2026-01-12 15:30:45 +08:00
parent db75a7269b
commit e8dd956fc2
7 changed files with 100 additions and 96 deletions
--- a/scripts/test_voxcpm_ft_infer.py
+++ b/scripts/test_voxcpm_ft_infer.py
@ -23,6 +23,7 @@ With voice cloning:
 """

 import argparse
+import sys
 from pathlib import Path

 import soundfile as sf
@ -92,7 +93,7 @@ def main():
    args = parse_args()

    # Load model from checkpoint directory (no denoiser)
-    print(f"[FT Inference] Loading model: {args.ckpt_dir}")
+    print(f"[FT Inference] Loading model: {args.ckpt_dir}", file=sys.stderr)
    model = VoxCPM.from_pretrained(
        hf_model_id=args.ckpt_dir,
        load_denoiser=False,
@ -103,10 +104,10 @@ def main():
    prompt_wav_path = args.prompt_audio if args.prompt_audio else None
    prompt_text = args.prompt_text if args.prompt_text else None

-    print(f"[FT Inference] Synthesizing: text='{args.text}'")
+    print(f"[FT Inference] Synthesizing: text='{args.text}'", file=sys.stderr)
    if prompt_wav_path:
-        print(f"[FT Inference] Using reference audio: {prompt_wav_path}")
-        print(f"[FT Inference] Reference text: {prompt_text}")
+        print(f"[FT Inference] Using reference audio: {prompt_wav_path}", file=sys.stderr)
+        print(f"[FT Inference] Reference text: {prompt_text}", file=sys.stderr)

    audio_np = model.generate(
        text=args.text,
@ -124,7 +125,7 @@ def main():
    out_path.parent.mkdir(parents=True, exist_ok=True)
    sf.write(str(out_path), audio_np, model.tts_model.sample_rate)

-    print(f"[FT Inference] Saved to: {out_path}, duration: {len(audio_np) / model.tts_model.sample_rate:.2f}s")
+    print(f"[FT Inference] Saved to: {out_path}, duration: {len(audio_np) / model.tts_model.sample_rate:.2f}s", file=sys.stderr)
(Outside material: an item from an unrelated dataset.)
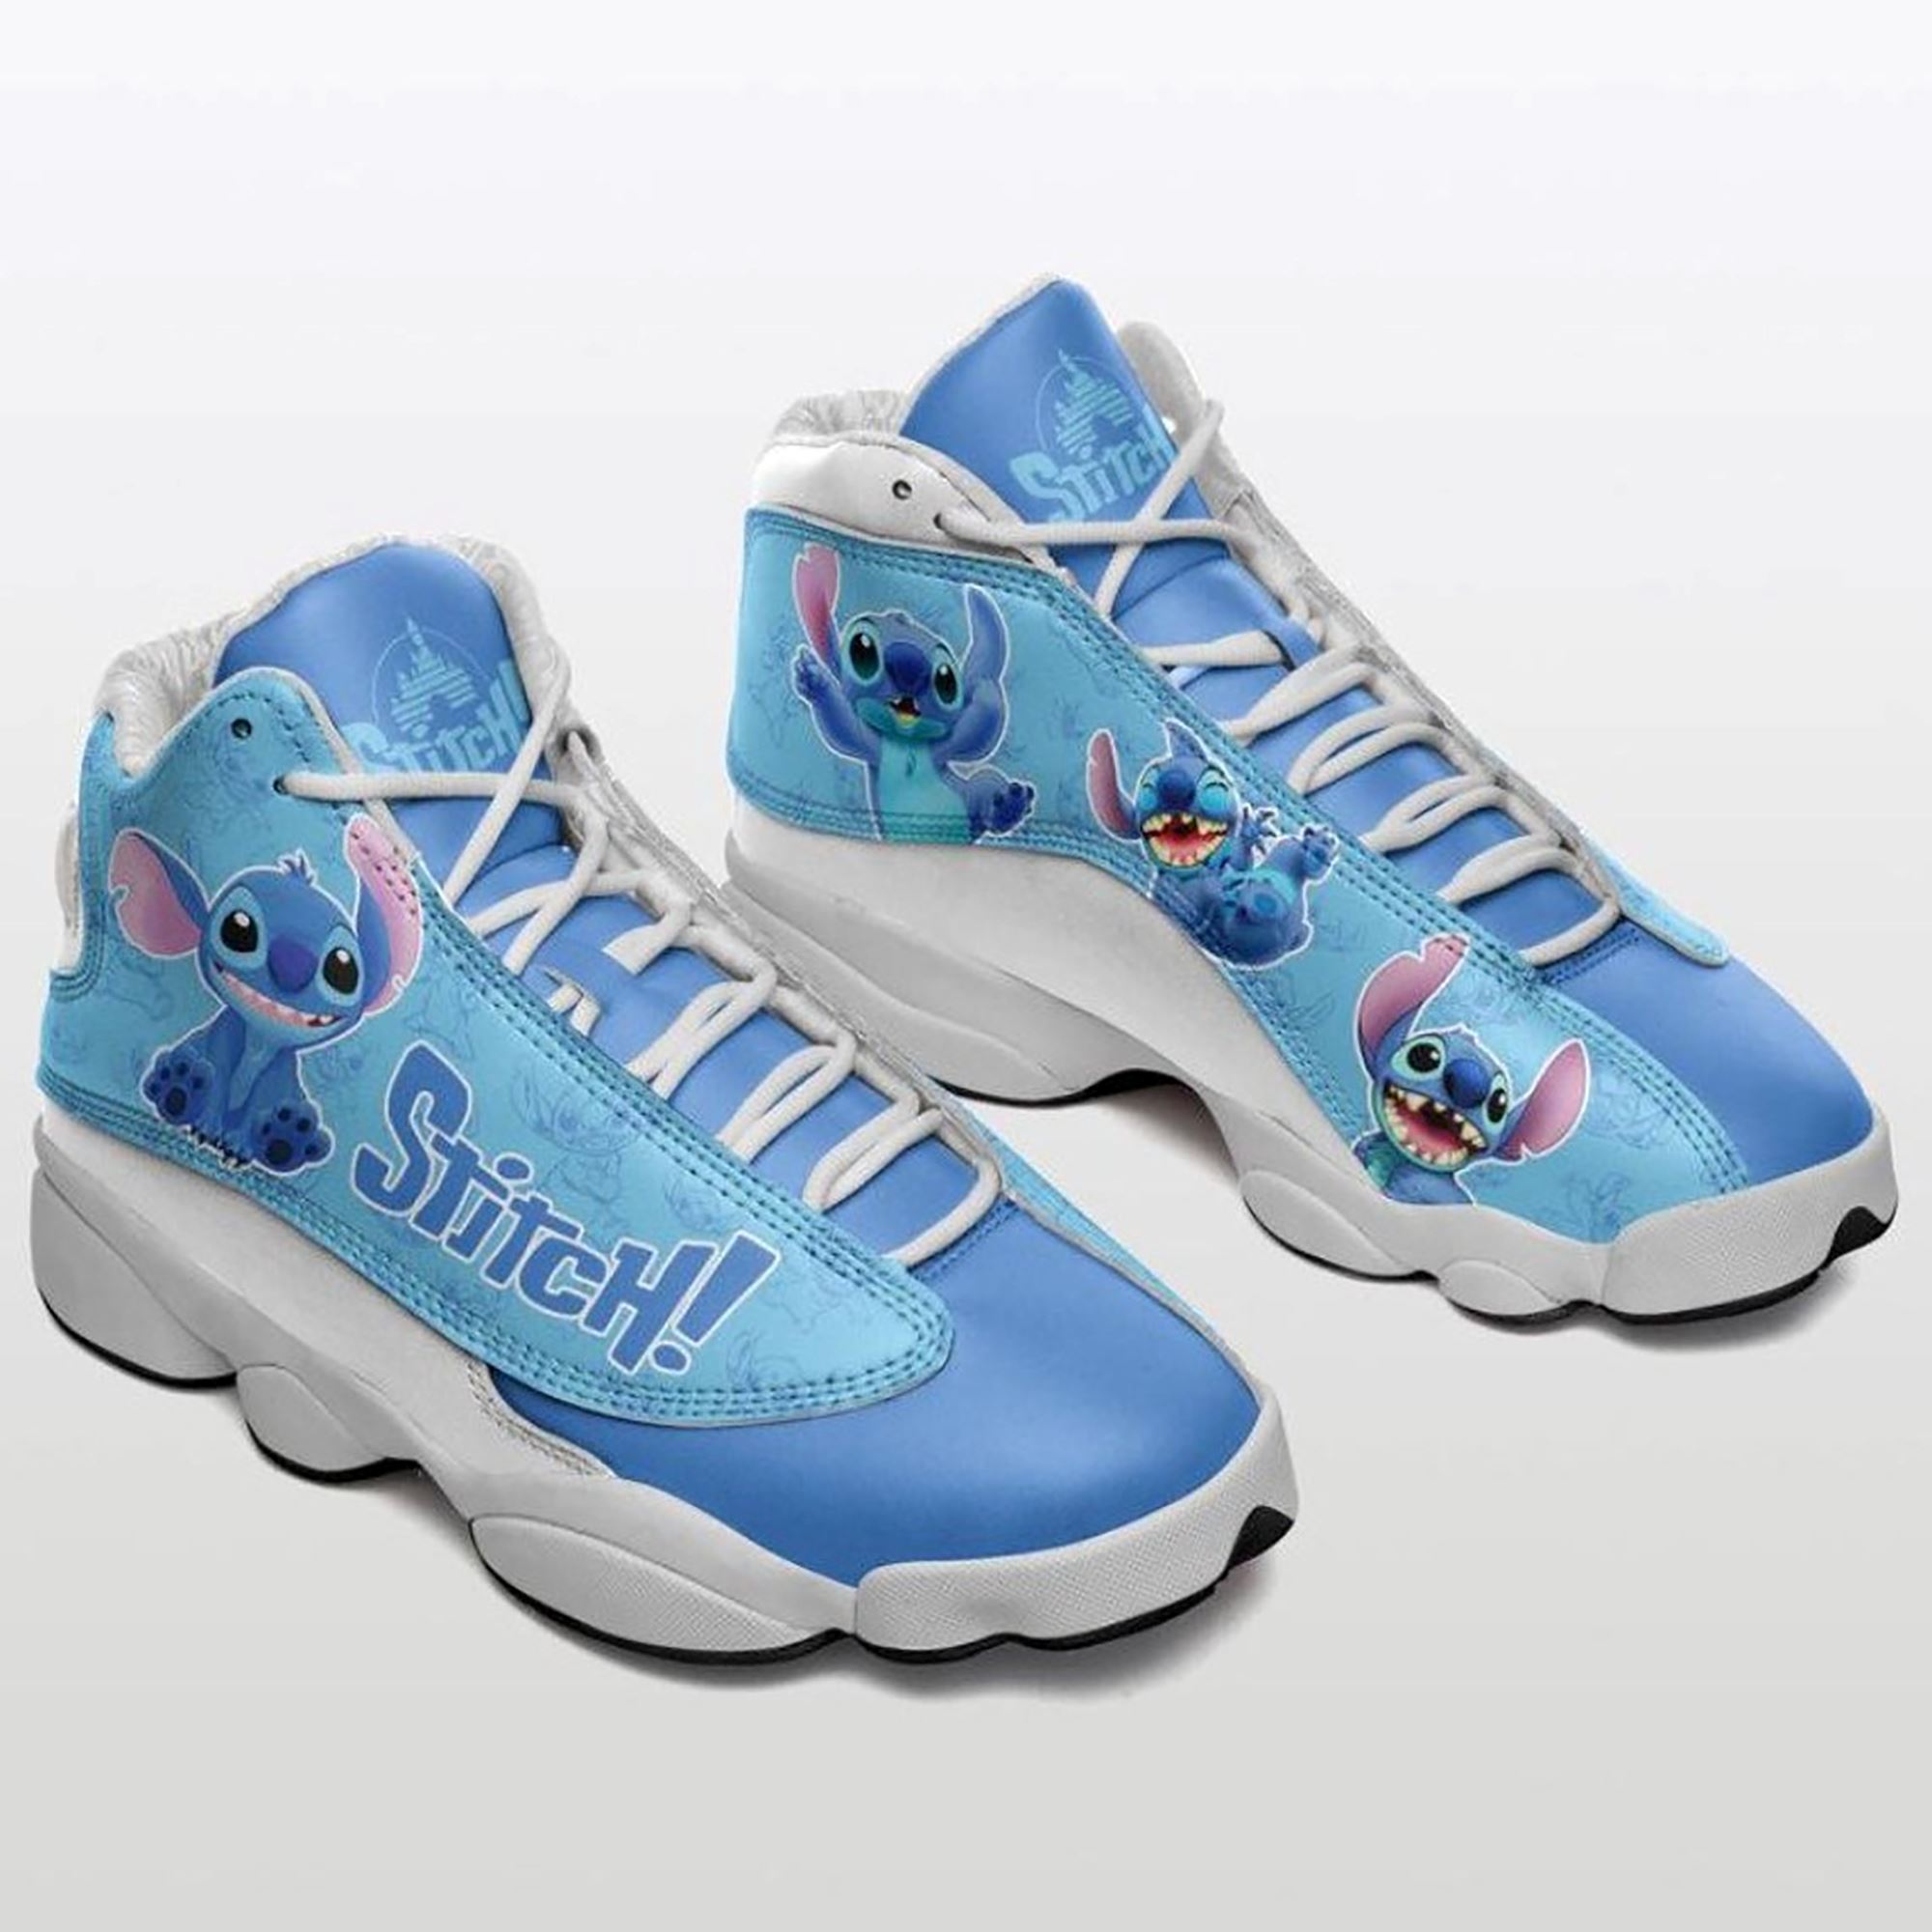 Stitch Air Jordan 13 Shoes Stitch Leather Shoes Disney Stitch Lover Shoes Stitch Sport Shoes Shoes For Stitch Lover Disney Fans Gift
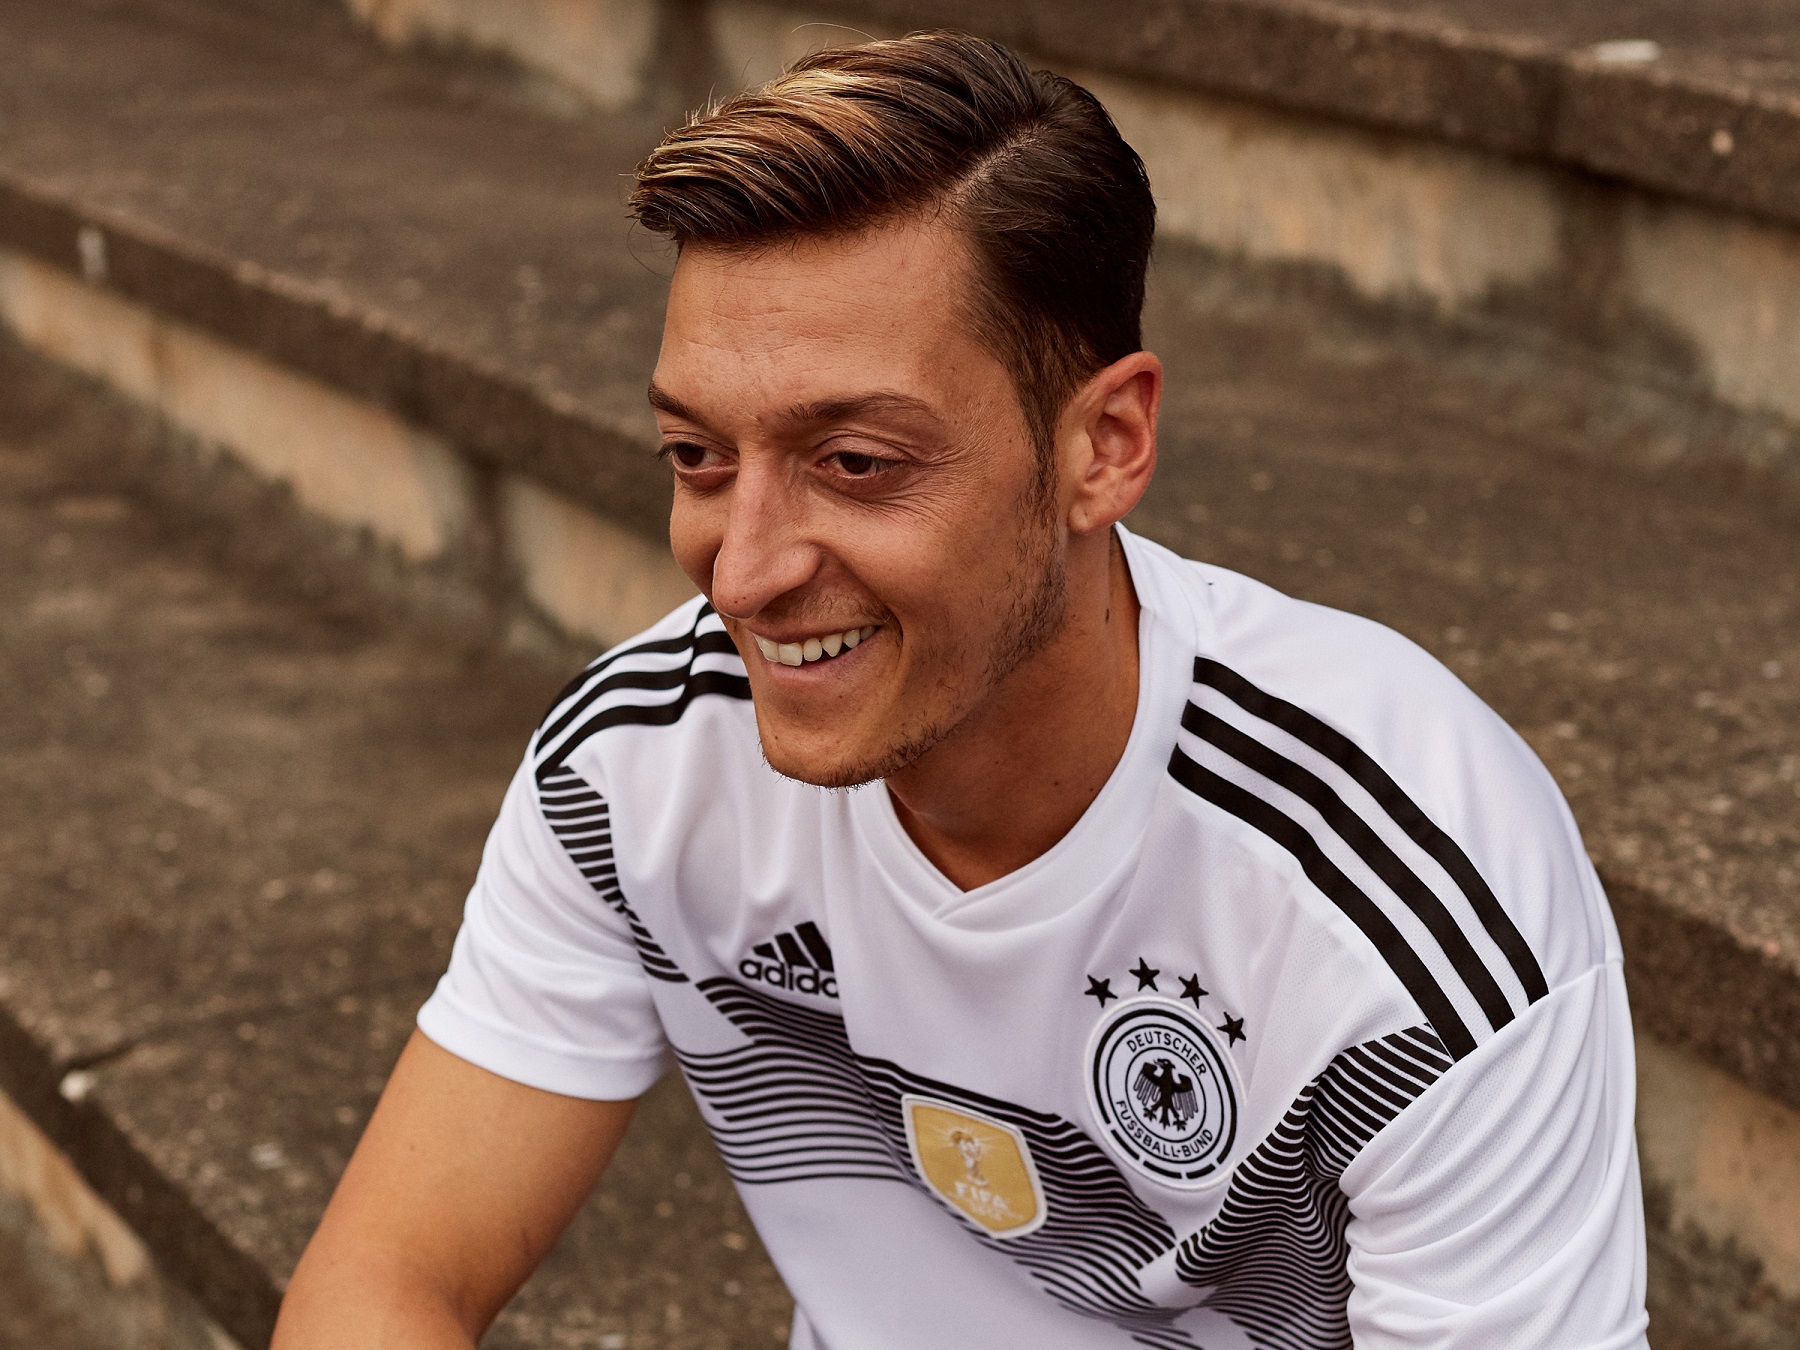 Germany's new home kit for the 2018 World Cup in Russia

 if __name__ == "__main__":
--- a/scripts/test_voxcpm_lora_infer.py
+++ b/scripts/test_voxcpm_lora_infer.py
@ -24,6 +24,7 @@ Note: The script reads base_model path and lora_config from lora_config.json

 import argparse
 import json
+import sys
 from pathlib import Path

 import soundfile as sf
@ -124,13 +125,13 @@ def main():
    lora_cfg_dict = lora_info.get("lora_config", {})
    lora_cfg = LoRAConfig(**lora_cfg_dict) if lora_cfg_dict else None
    
-    print(f"Loaded config from: {lora_config_path}")
-    print(f"  Base model: {pretrained_path}")
-    print(f"  LoRA config: r={lora_cfg.r}, alpha={lora_cfg.alpha}" if lora_cfg else "  LoRA config: None")
+    print(f"Loaded config from: {lora_config_path}", file=sys.stderr)
+    print(f"  Base model: {pretrained_path}", file=sys.stderr)
+    print(f"  LoRA config: r={lora_cfg.r}, alpha={lora_cfg.alpha}" if lora_cfg else "  LoRA config: None", file=sys.stderr)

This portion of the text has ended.